### [Your assignment]
Word for word, reproduce the listing that follows, excluding any pictures it contains.

### [Raw data]
******

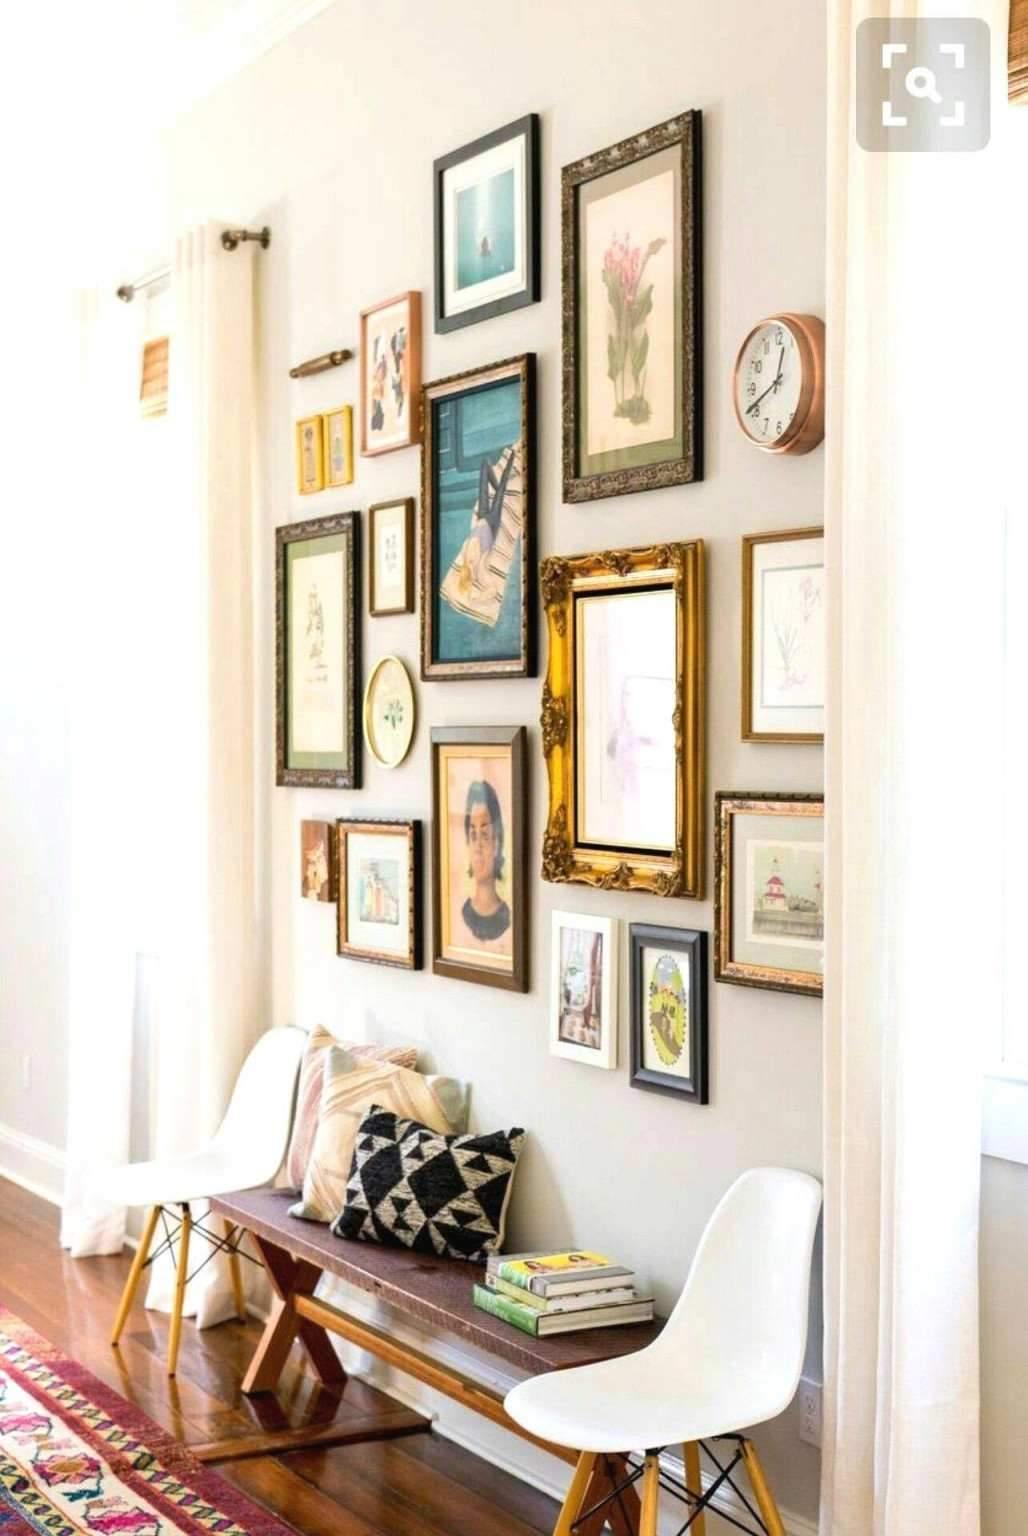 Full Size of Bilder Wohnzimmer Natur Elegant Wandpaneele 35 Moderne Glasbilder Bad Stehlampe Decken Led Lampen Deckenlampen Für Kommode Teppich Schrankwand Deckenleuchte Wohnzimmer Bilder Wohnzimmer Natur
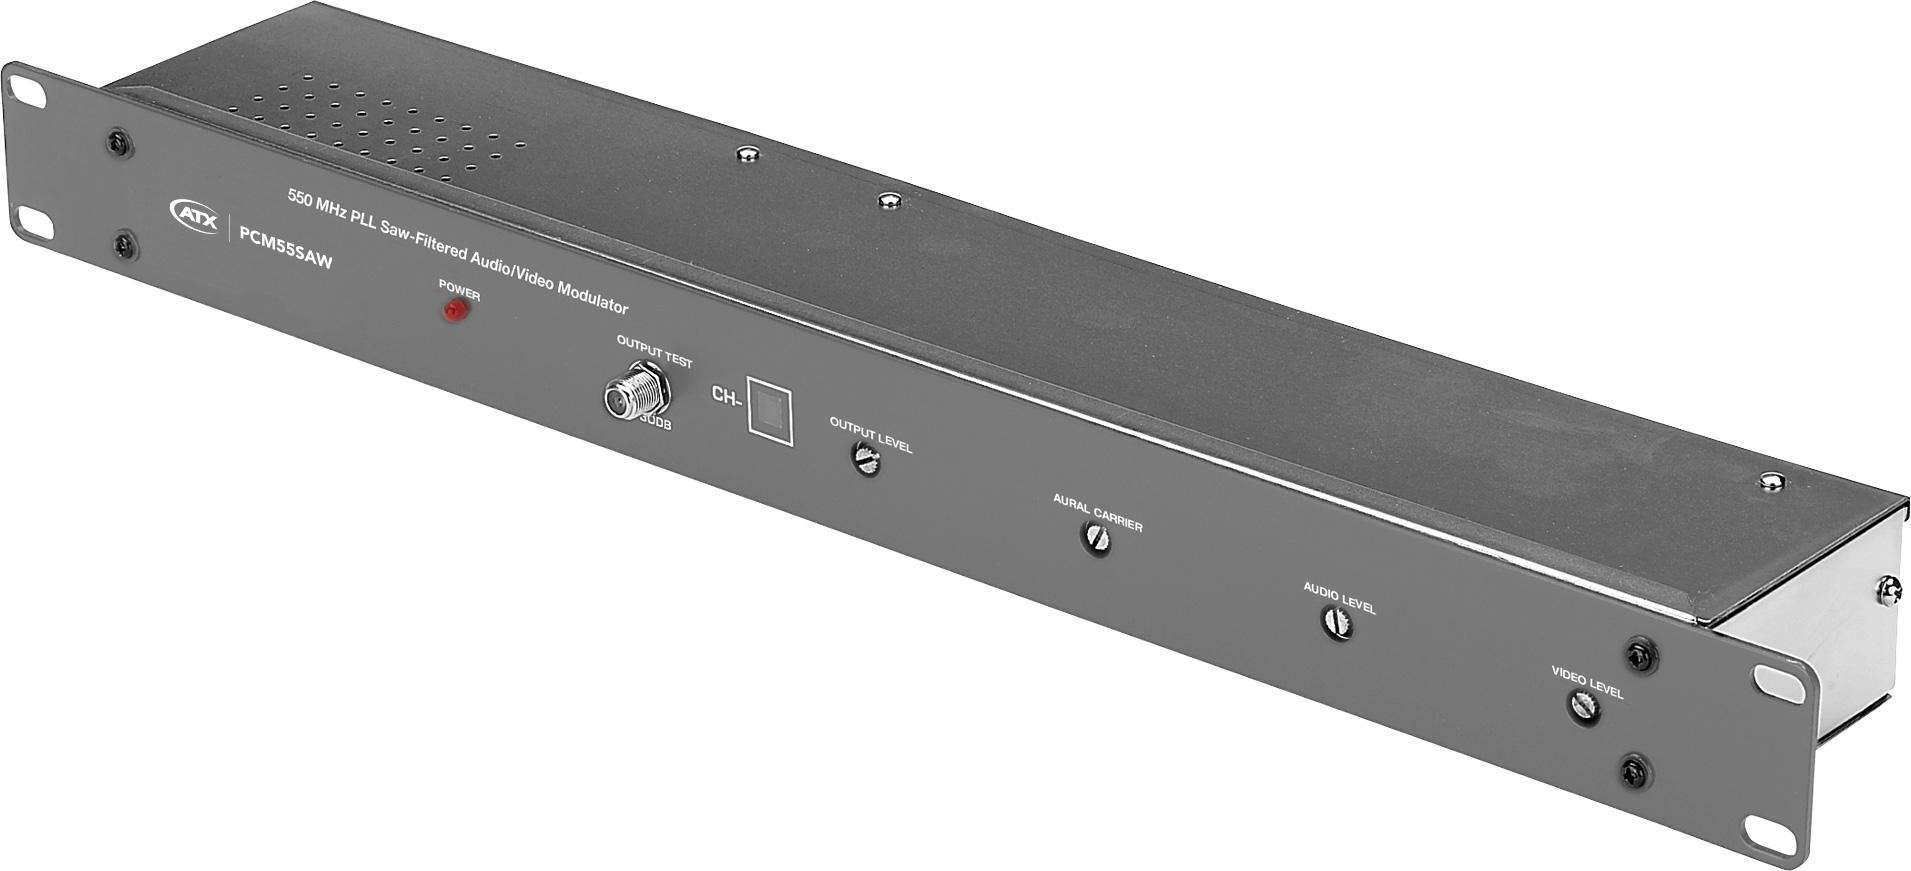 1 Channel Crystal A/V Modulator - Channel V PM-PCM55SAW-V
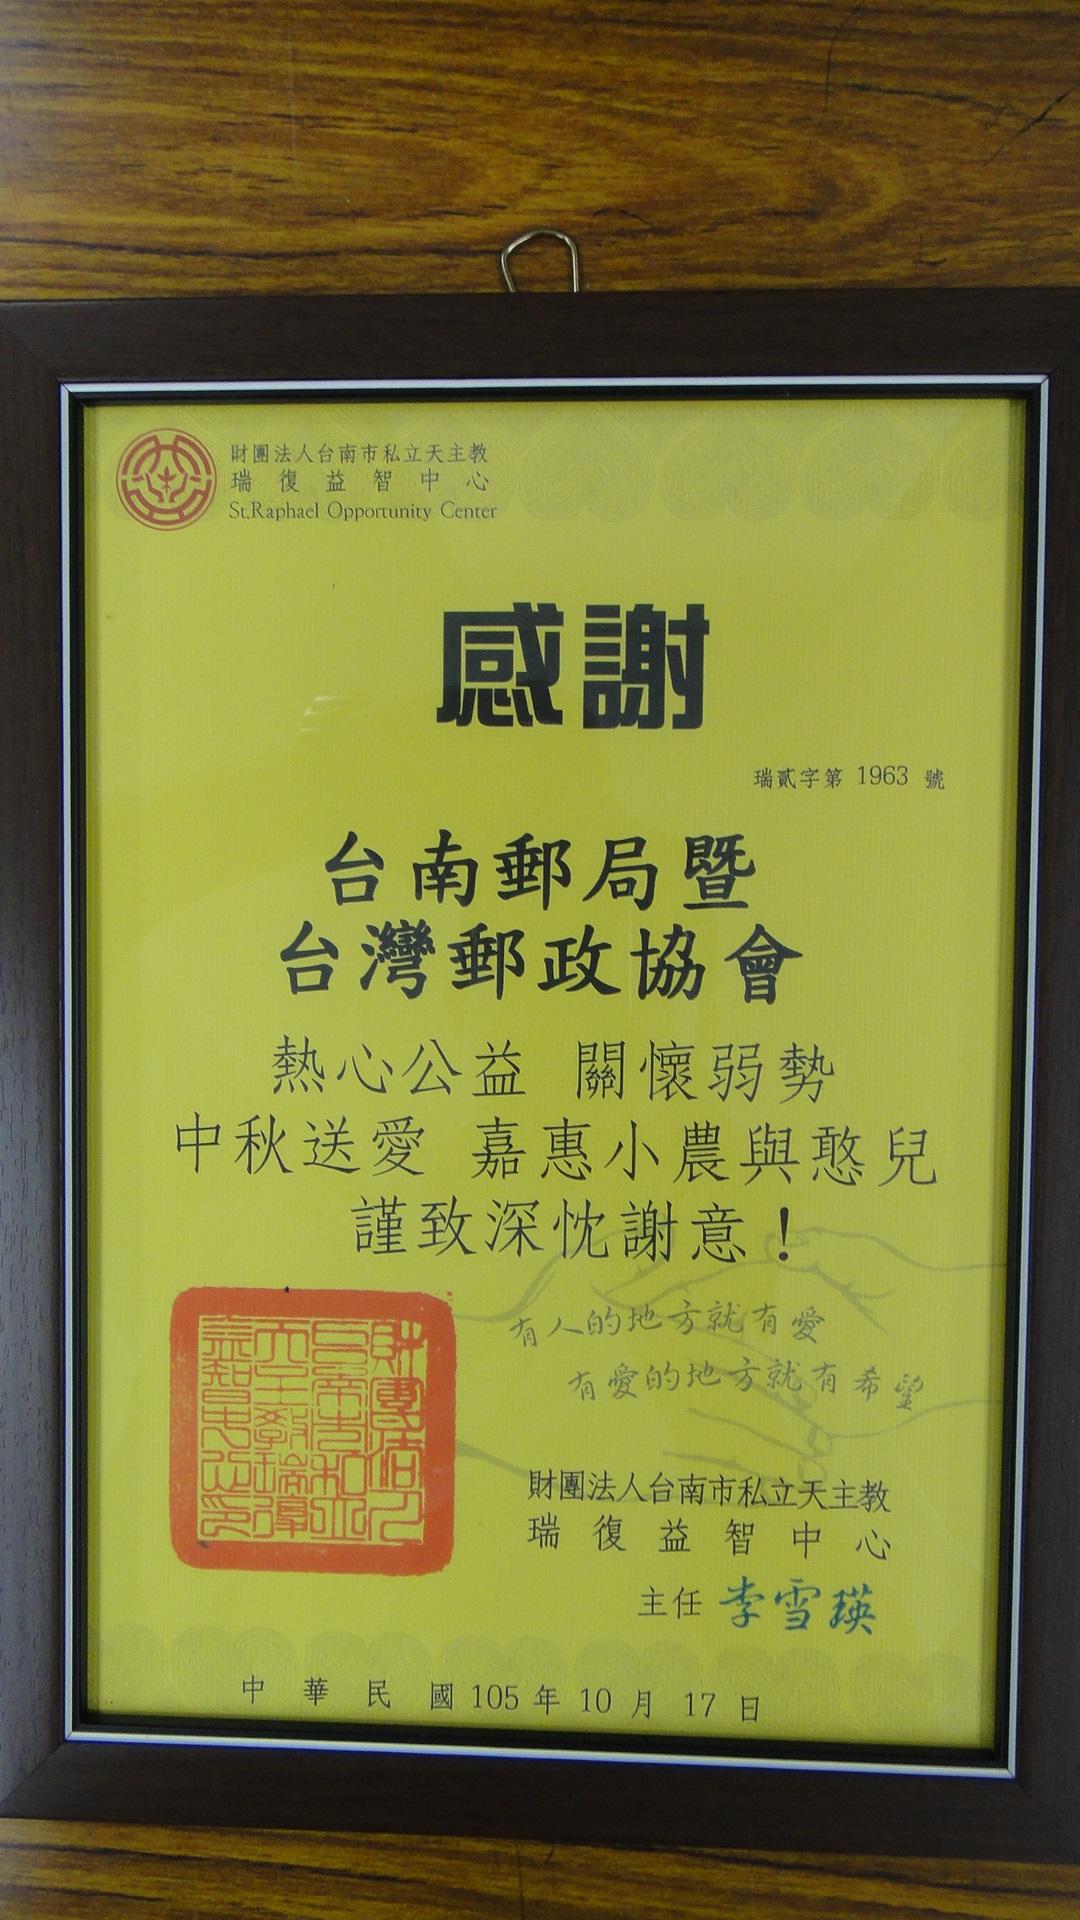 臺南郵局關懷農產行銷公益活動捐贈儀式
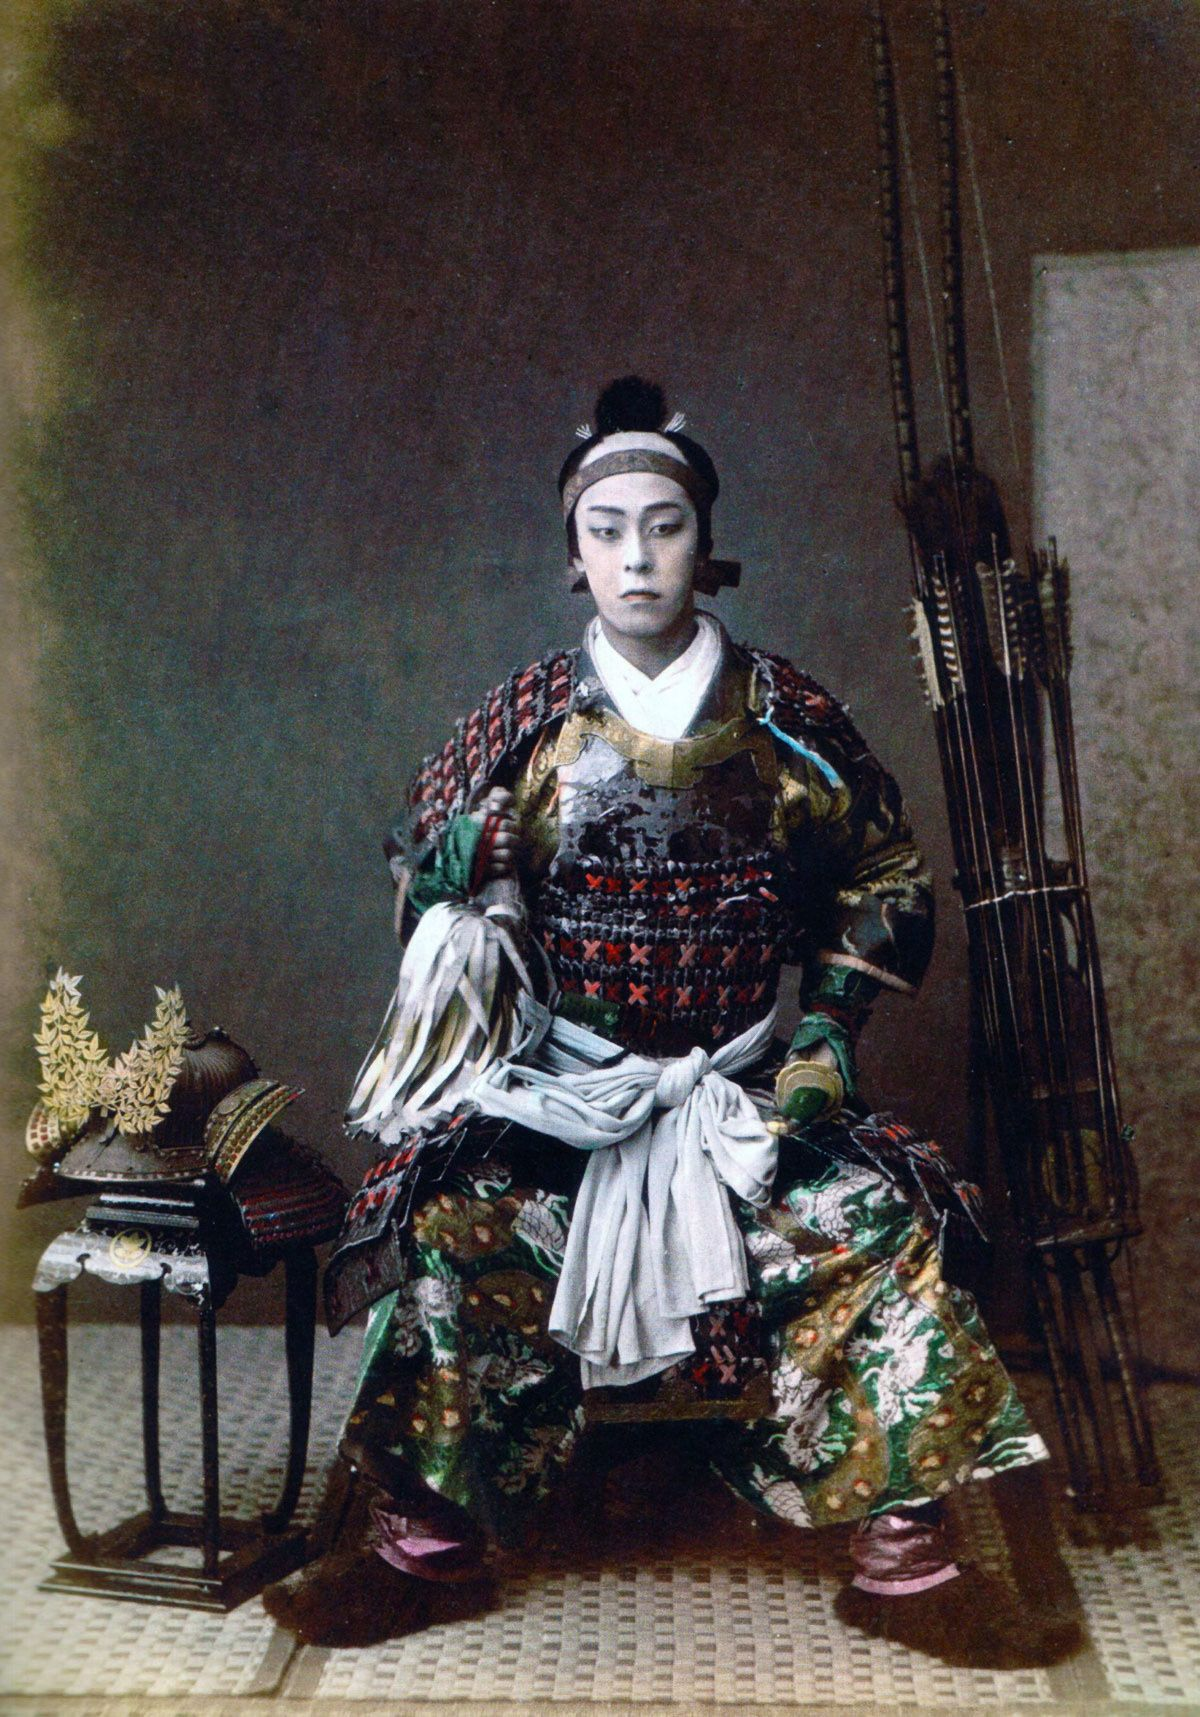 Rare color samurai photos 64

******

### [Result]
 Full Size of Bilder Wohnzimmer Natur Elegant Wandpaneele 35 Moderne Glasbilder Bad Stehlampe Decken Led Lampen Deckenlampen Für Kommode Teppich Schrankwand Deckenleuchte Wohnzimmer Bilder Wohnzimmer Natur
 1 Channel Crystal A/V Modulator - Channel V PM-PCM55SAW-V
 臺南郵局關懷農產行銷公益活動捐贈儀式
 Rare color samurai photos 64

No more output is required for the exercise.